Pasaron una linda tarde y en ningún momento se tocó el tema del incidente en el subte ni de la extraña declaración de Bárbara, de que no deseaba ir a su casa. Lucito la conquistó en poco tiempo, e incluso Bárbara rio a carcajadas cuando el muy pillo orinó antes de que Camila tuviese tiempo de colocarle el pañal.

 

♦♦♦

 

Al día siguiente, durante el primer recreo, Camila se sentó en un lugar alejado y solitario dispuesta a escribir su diario. Se sentía ansiosa por transformar en palabras los pensamientos que la inundaban: desde el encuentro con Bárbara en la estación de subte hasta la feroz pelea de sus padres la noche anterior, que incluso su hermano Nacho había oído.

—Hola.

Camila levantó la vista, se hizo sombra con la mano y descubrió a Bárbara Degèner, que se sentó a su lado y le colocó un chocolate Cadbury sobre el libro.
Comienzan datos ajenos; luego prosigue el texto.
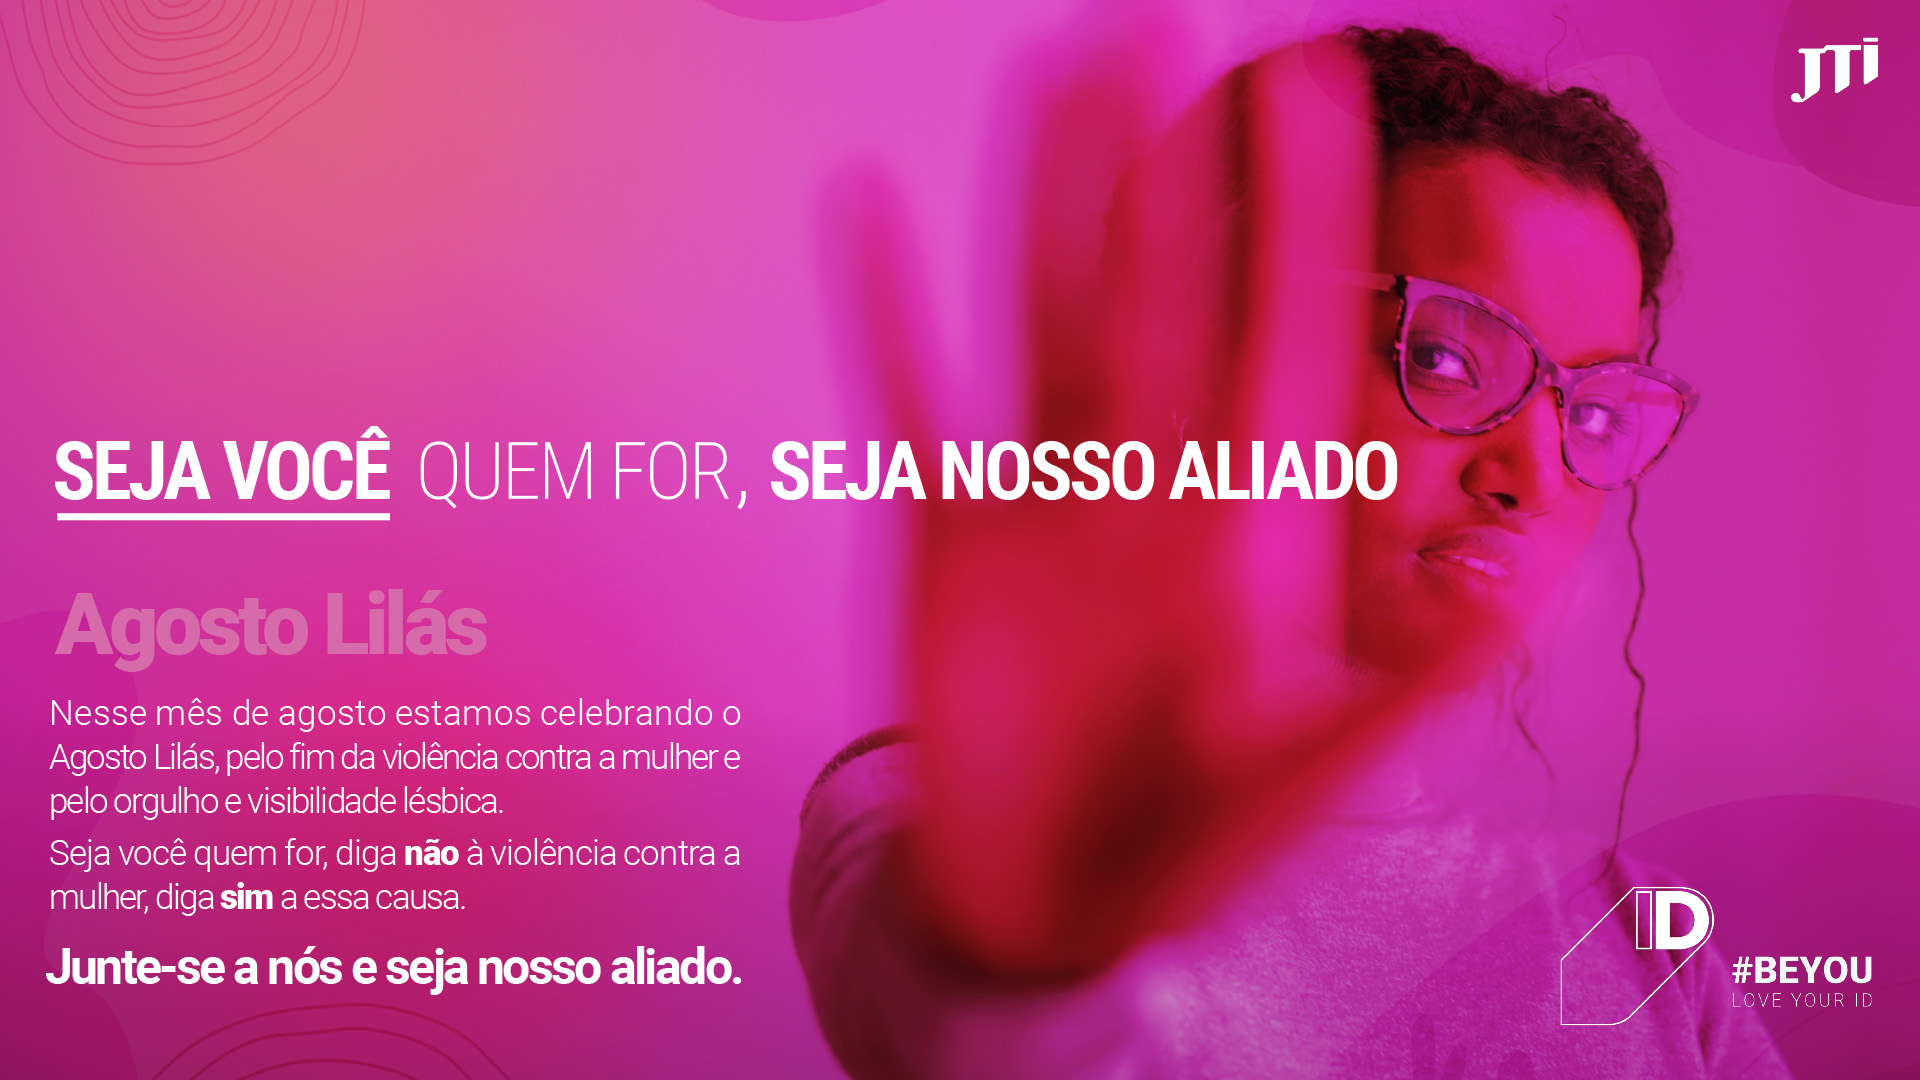 Imagem da identidade visual da campanha de Agosto Lilás JTI, com uma moça com a mão em posição de pare.

—Gracias por bancarme ayer.

—De nada.

—Lo pasé muy bien en casa de tu vecina. ¿Puedo volver hoy?

—No —dijo, seca, cortante, sintiéndose invadida por la propuesta—. Ese es mi trabajo, Bárbara. No puedo estar llevando a quien yo quiero. Ayer Alicia me permitió que me acompañases, pero como una excepción.

—Qué bien hablás. —Camila la observó con asombro—. Digo, sabés decir bien lo que pensás. Yo siempre digo huevadas.

—Será porque leo mucho. ¿Por qué no querías volver a tu casa ayer?

Bárbara sacudió los hombros, y su actitud descuidada irritó a Camila. Se dio cuenta de que había construido una imagen falsa en torno a la más linda de la división. Bárbara no era perfecta, su vida no era perfecta. ¿Por qué lloraba el día anterior en el aula clausurada? ¿Por qué se había colocado en ese sector tan inusual y apartado del andén? ¿Quería arrojarse o se había tratado de una percepción equivocada?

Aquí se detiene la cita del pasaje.